The primary defense against this is dispersing data: if we can make sure that not only the volume but intensity of components are distributed, this helps avoid bottlenecks. I had a great conversation with one of our insanely smart vSAN R&D engineers a while back about this sort of thing: how does vSAN decide where to put data in light of performance considerations? He raised a good point: determining how intense a given piece of data will be ahead of time without manual assistance requires the kind of psychic abilities that’d be amazing in a compute system, but might also try to kill us and send Terminators back through time to destroy any hope for our future resistance1. As someone who only beat the Terminator 2 arcade game once after I don’t know how many quarters, I felt really thankful engineering had the courtesy to not unleash the singularity just to shave IOPS. While I was reflecting on this, the engineer I was speaking with had finished his point, so I had to ask him to repeat it.
Beyond trying to determine throughput needs ahead of time, he began explaining with the kind of special patience R&D engineers reserve for people like me, trying to do a bunch of stuff after data is placed has a cost: moving this data around might reduce throughput until its moved. Also, who’s to say what I’m adjusting for won’t go away before I can finish the adjustment, or collide with another unexpected “hot spot”? These are well-known problems in the world of storage and have been addressed a number of ways, primarily through tiering. For those not familiar, storage tiering breaks deliverable service out into layers, with each being a little better. These are often called “Gold, Silver, and Bronze” or something like that.2
Like all choices in storage system design, problems immediately arose with tiering data:
- How should data be measured to know which tier it belongs to?

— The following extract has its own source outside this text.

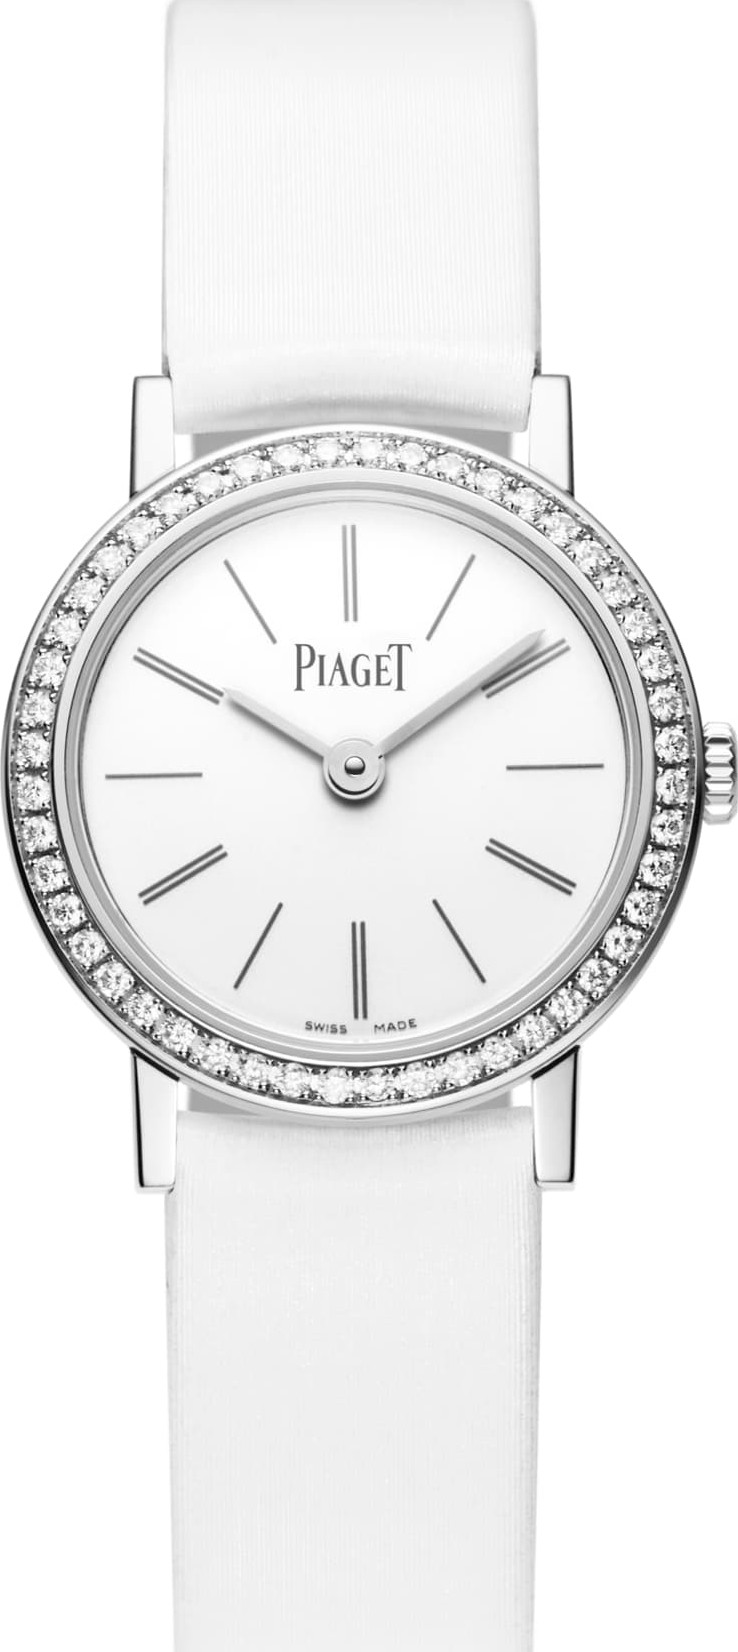 piaget-g0a44532-altiplano-origin-watch-24mm

- IOPS? What about when some IOs are one size and some are another?
- Throughput? What about when some data is many small IOs and some is many large IOs?
- How should placement be performed?
- Manually? How will an administrator know where to place data? How much work will it be to juggle?
- Automatically? How will the system decide where to place data in light of the above questions? How quickly should it respond to changes in workloads?
- What about when the same data only occasionally needs a higher tier?
- Do you give up valuable “gold tier” space for a workload that only needs it once a week?
- Do you try to manually or automatically escalate it to a higher tier based on observed changes?
- What will be observed to make an incidental tiering change and how quickly can the tier change be completed? How will it be ensured there’s enough space in that tier?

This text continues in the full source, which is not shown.